-- LISTED RECORDS follows --

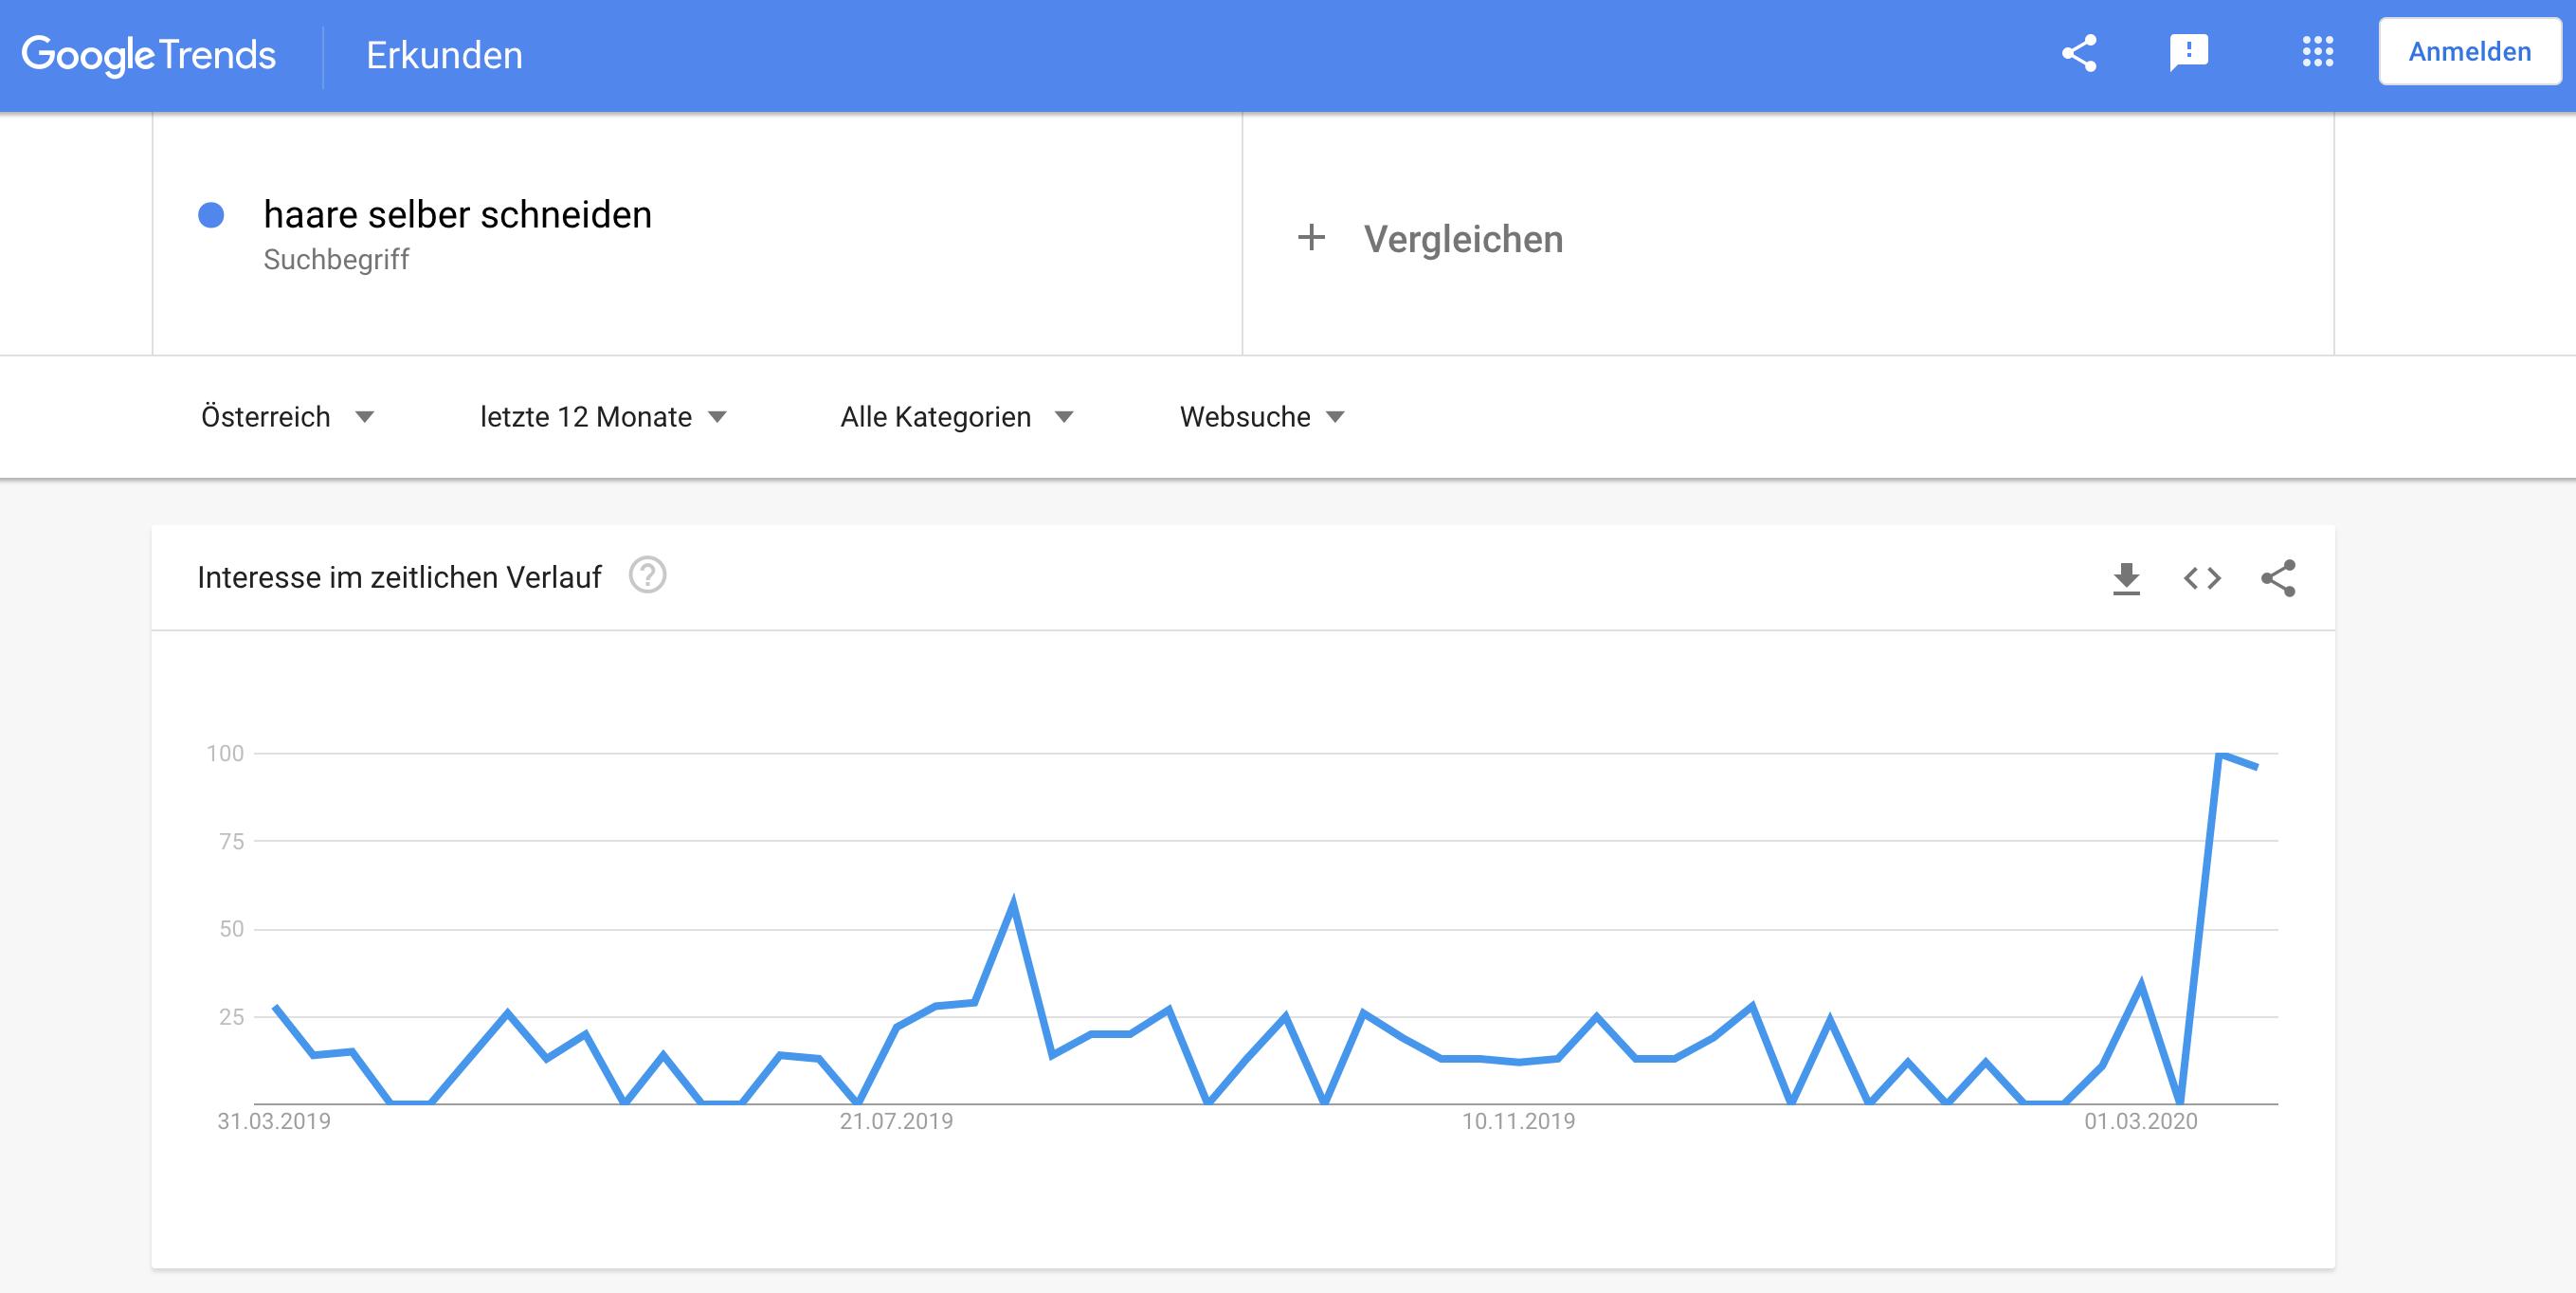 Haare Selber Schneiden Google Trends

-- LISTED RECORDS concluded --
-- LISTED RECORDS follows --

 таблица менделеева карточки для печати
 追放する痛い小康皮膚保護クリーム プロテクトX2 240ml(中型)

-- LISTED RECORDS concluded --

WHAT IS NEEDED |
There is a run of lines above from the one with "таблица менделеева карточки для печати" to the one with "追放する痛い小康皮膚保護クリーム プロテクトX2 240ml(中型)"; print exactly that run, both ends included, and nothing else.

WRITTEN ANSWER |
 таблица менделеева карточки для печати
 追放する痛い小康皮膚保護クリーム プロテクトX2 240ml(中型)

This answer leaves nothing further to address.